Por cierto, como confesé, es la primera vez que leo a Yasmina Khadra y no tengo con qué comparar su estilo original en francés. Pero sí sé cuando un texto en español fluye con naturalidad y, en este caso, me llamó la atención desde el principio. La traducción de Wenceslao-Carlos Lozano no pasa desapercibida: hay un cuidado en el ritmo, en las imágenes, en la manera de dejar que la prosa respire, que hace que la novela se lea con gusto. Luego supe que Lozano ha traducido muchas de las obras de Khadra y que es un especialista en este terreno.
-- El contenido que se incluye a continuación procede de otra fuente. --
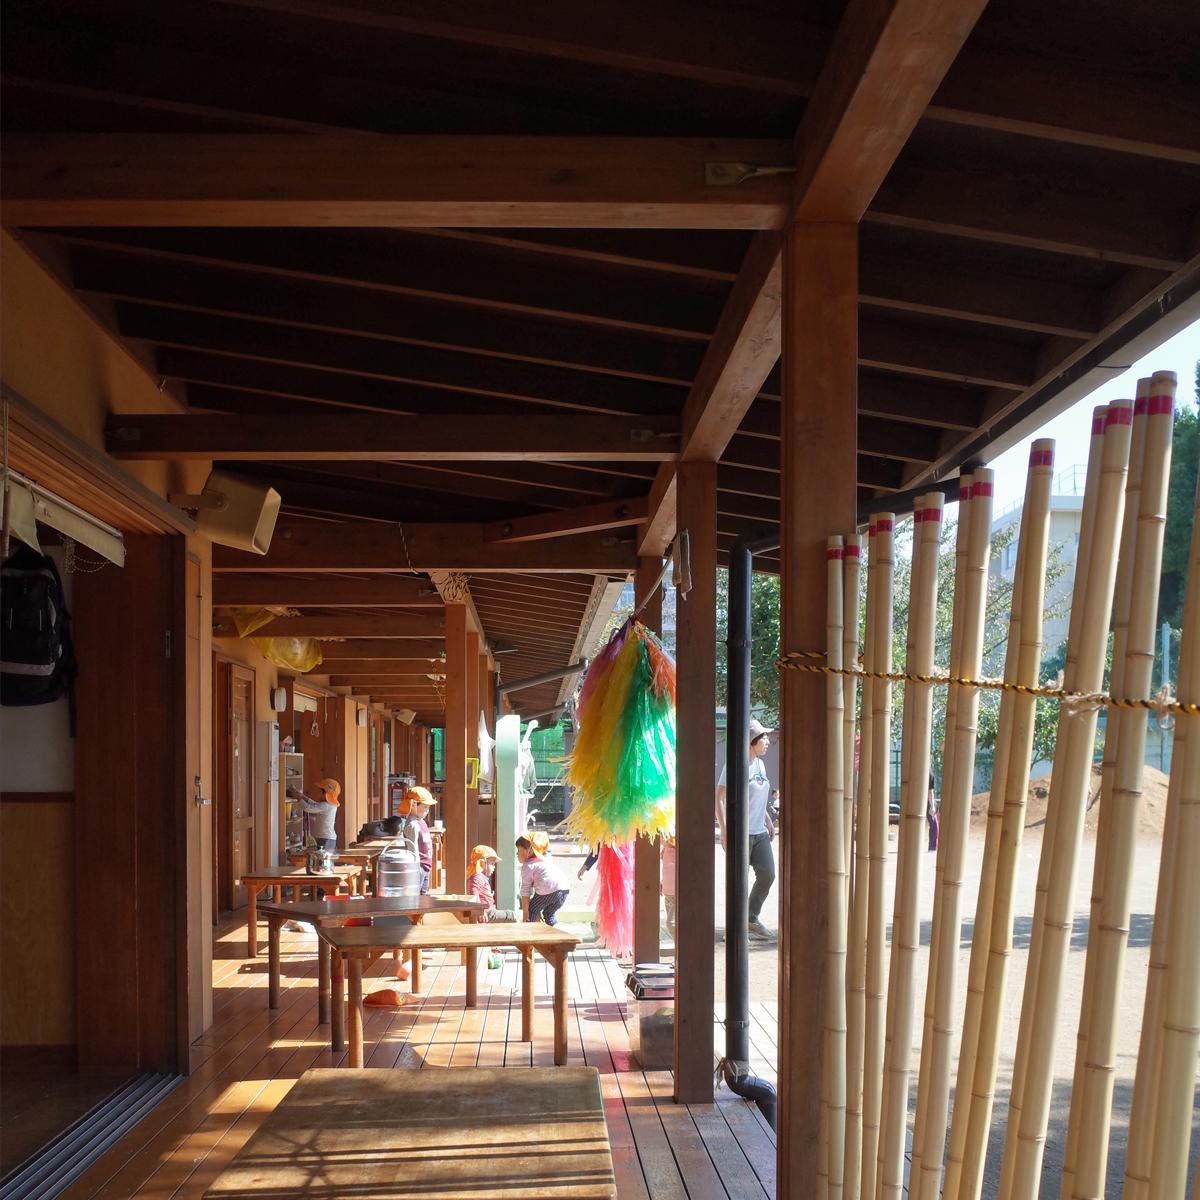 所沢市のあかね保育園の園舎のテラスの画像

No me sorprende: esa experiencia se percibe, incluso para un lector que llega aquí sin bagaje previo del autor.

En fin, «Los virtuosos» me ha reconciliado con la escritura de reseñas: no solo porque es una gran novela, sino porque me recordó lo que significa leer con la certeza de estar ante una historia necesaria. En la vida de Yacín caben todas las heridas de un pueblo: la injusticia, la traición, la guerra, el desarraigo; pero también la obstinación por vivir, por buscar a los suyos, por no claudicar. Esa mezcla entre lo íntimo y lo épico, entre la pequeña historia de un hombre y la gran historia de Argelia, es lo que da fuerza al libro.

Khadra escribe con un lirismo que nunca entorpece la narración, al contrario: ilumina. Sus personajes, aun los más breves, tienen carne y voz. Y aunque la trama nos arrastra por escenarios duros —trincheras, prisiones, desiertos—, la prosa mantiene un pulso sereno que permite avanzar sin caer en la desesperanza. Esa es quizá la mayor virtud de la novela: hablarnos de la barbarie sin renunciar a la belleza del lenguaje.

No sé si leeré pronto otra obra de Khadra, pero tengo claro que esta no será la última. Mis libreros están llenos de pendientes y, como siempre, me inquieta la ansiedad del adicto frente a tanto libro por descubrir. Sin embargo, «Los virtuosos» me hizo recordar que, además de leer, me gusta detenerme a escribir sobre lo leído. Y si escribir reseñas significa volver a dialogar con los libros, esta novela ha sido el mejor punto de partida para recuperar el ritmo perdido. Te leo.